Minister of Education and Excise (Madras Presidency)
- In office 27 October 1930 – 10 October 1936
- Premier: B. Munuswamy Naidu, P. T. Rajan, Ramakrishna Ranga Rao of Bobbili
- Governor: George Frederick Stanley
- Preceded by: S. Muthiah Mudaliar
- Succeeded by: M. A. Muthiah Chettiar

= S. Kumaraswami Reddiar =

Indian lawyer and politician

Diwan Bahadur Sir Subbarayalu Kumaraswami Reddiar (23 April 1876 - after 1937) was an Indian lawyer and politician who served as a minister in Madras Presidency.

== Early life ==

Kumaraswami Reddiar was born in Tinnevely on 23 April 1876. He was educated at the Hindu College, Tinnevely and graduated from Presidency College, Madras. He studied law at Madras Law College and practised law. He served as Government Pleader and Public Prosecutor of Tinnevely till September 1926 before joining the Justice Party in the late 1920s.

== Politics ==

Kumaraswami Reddiar was elected to the Madras Legislative Council on a Justice Party ticket in 1930.

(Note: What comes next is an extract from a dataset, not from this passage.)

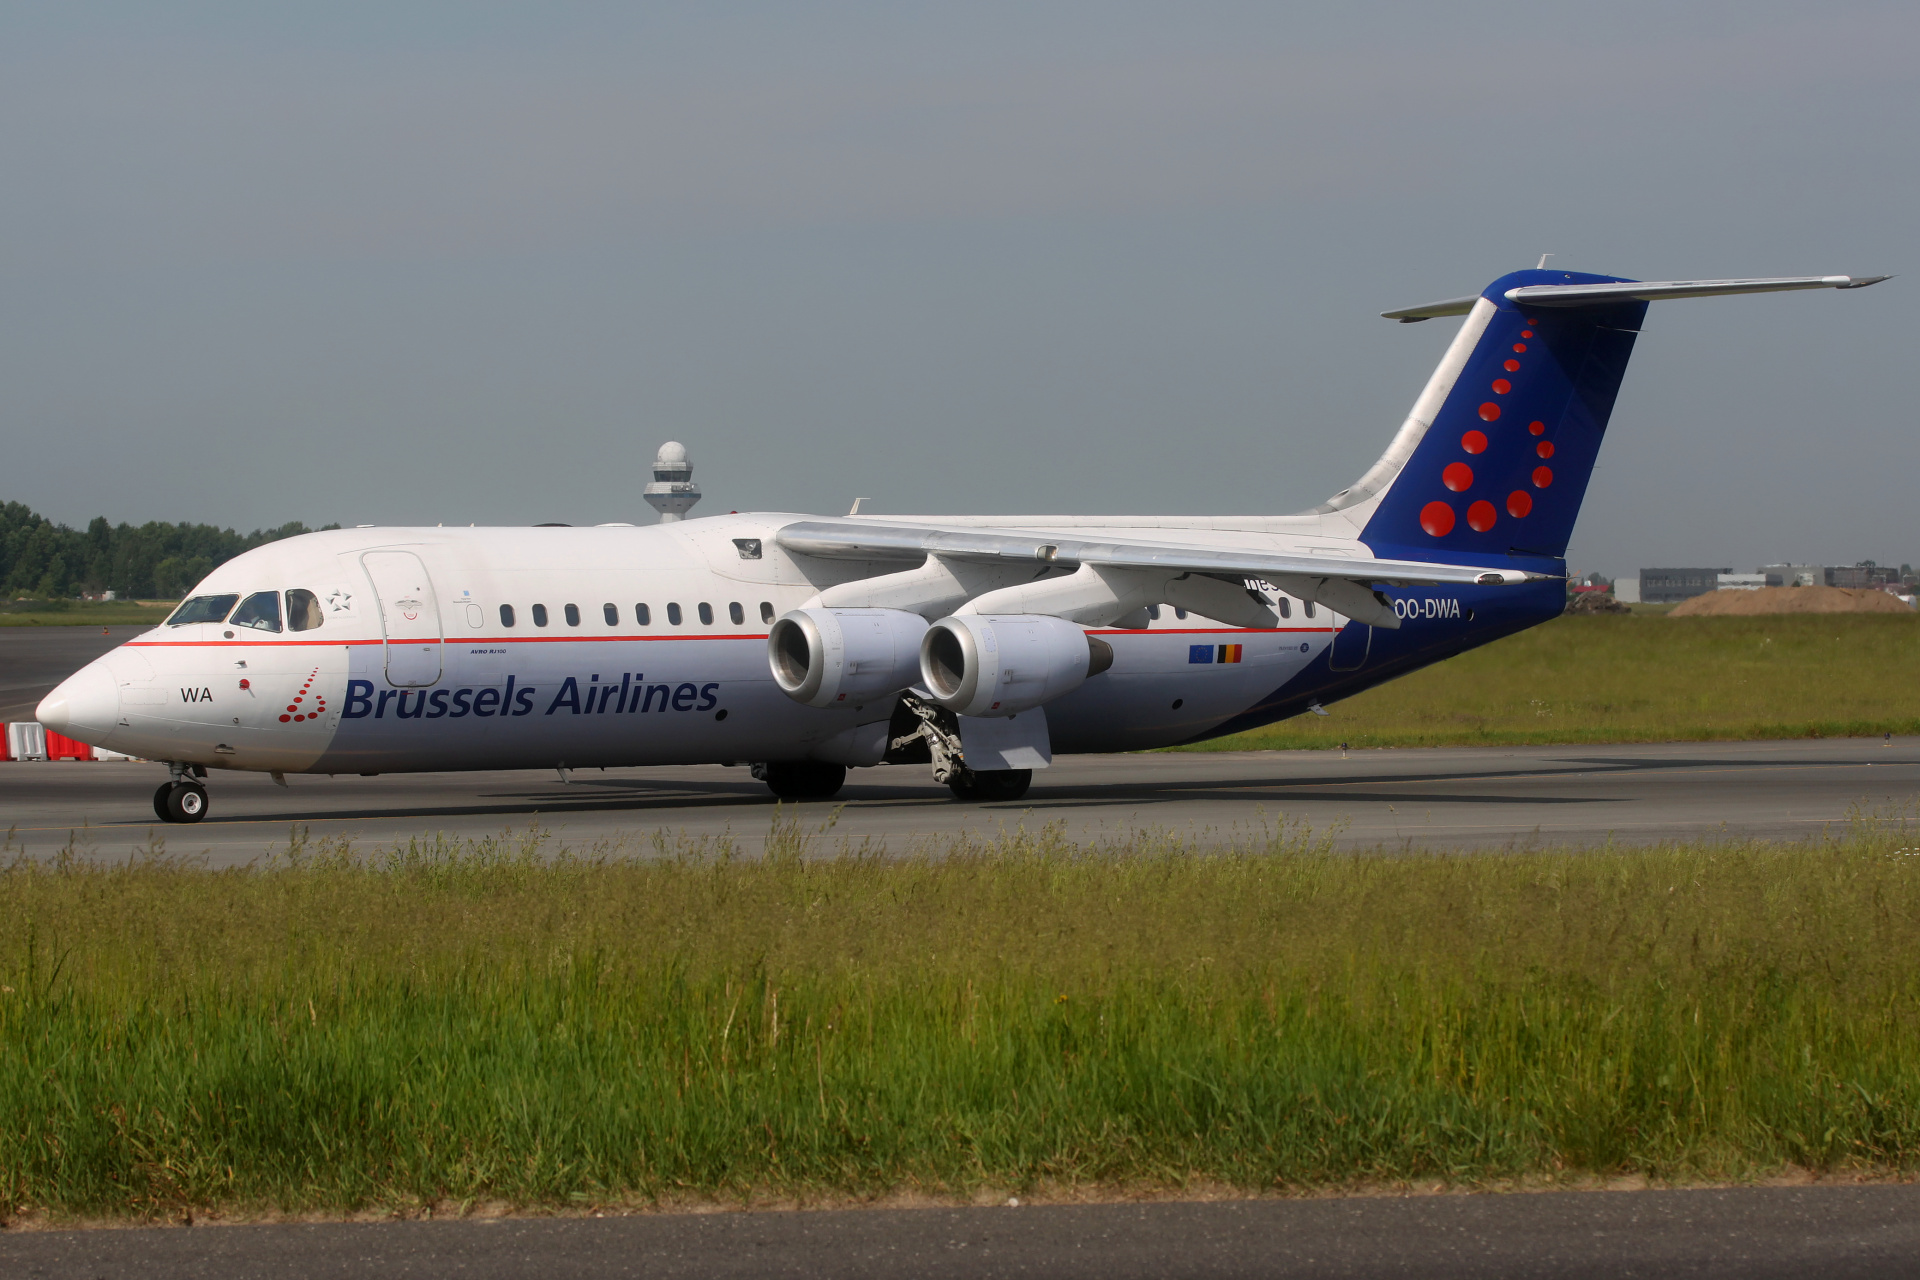 OO-DWA (Aircraft » EPWA Spotting » BAe 146 and revisions » Avro RJ100 » Brussels Airlines)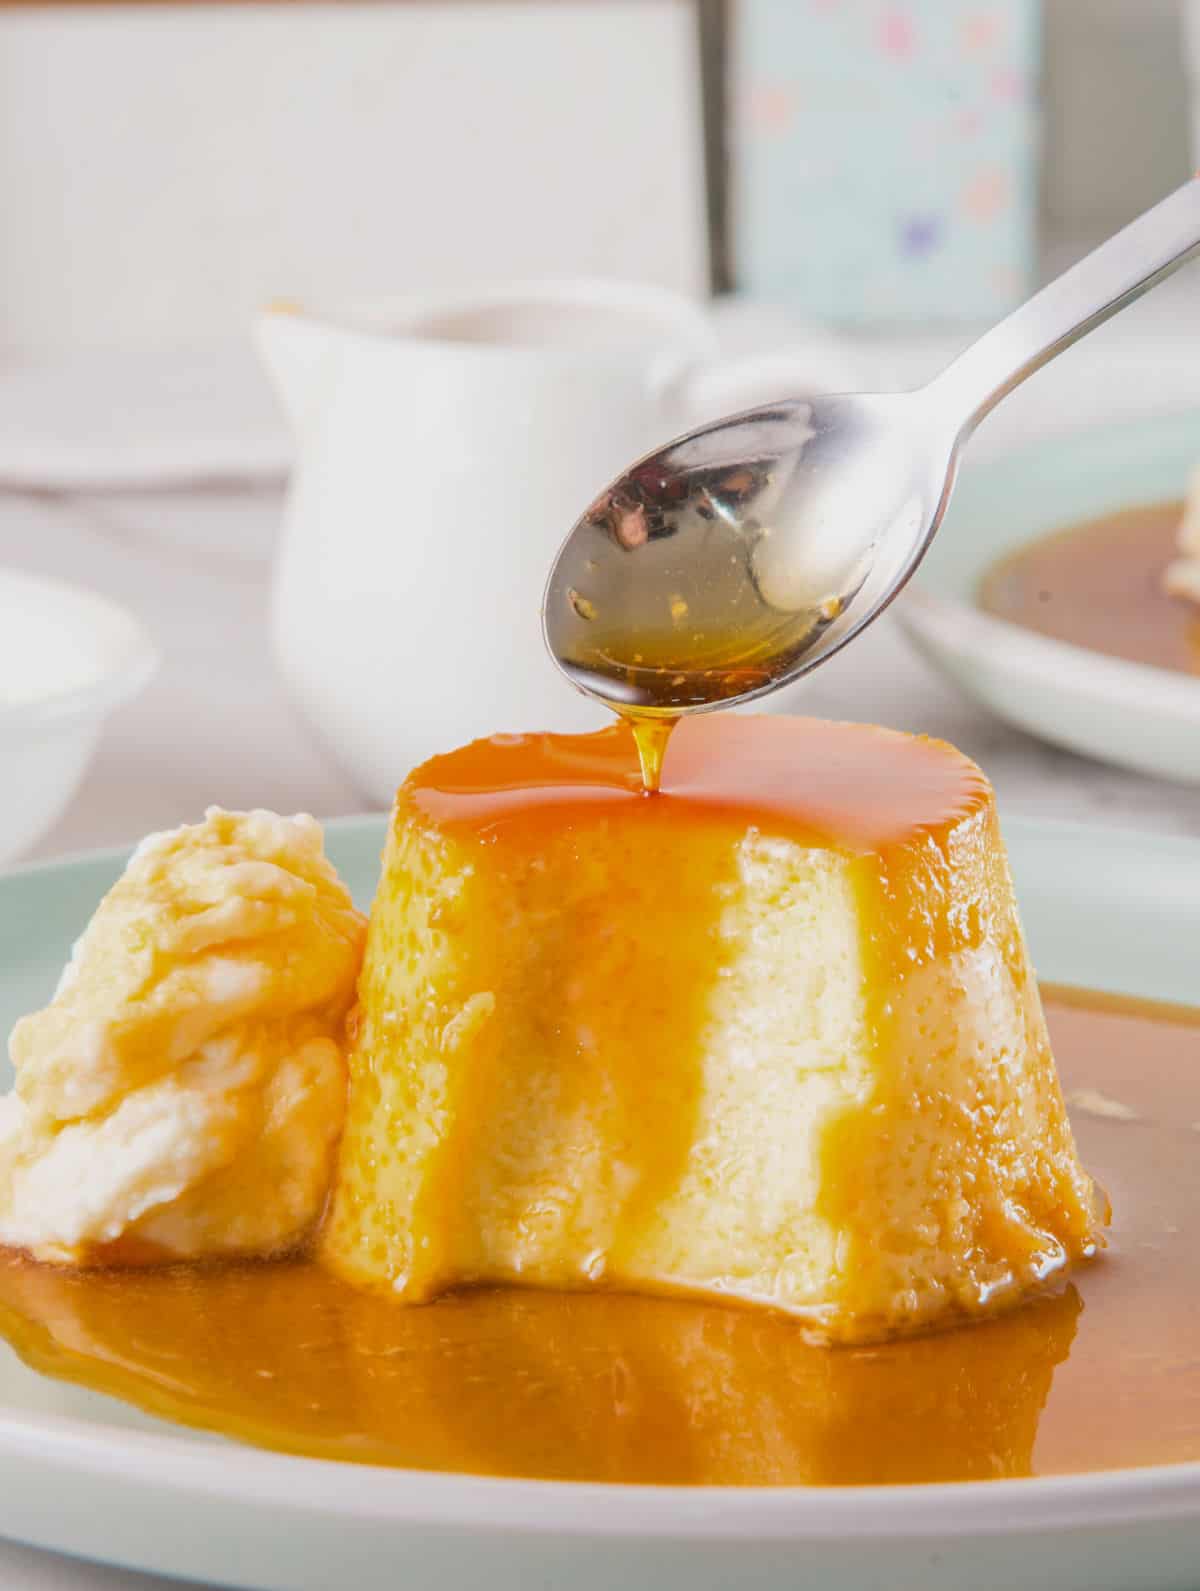 Half eaten flan serving with caramel and cream on a plate.

Kumaraswami Reddiar resigned his ministry post due to ill-health in 1936 and he was replaced with Muthiah Chettiar in a move to wipe out differences in the party. The resignation of P.T.Rajan and him lead to the step-down of B. Munuswamy Naidu from the position of Chief Minister and his subsequent succession by his rival Ramakrishna Ranga Rao, who was favoured by zamindars such as Muthiah Chettiar.

He was knighted in the 1937 Coronation Honours list.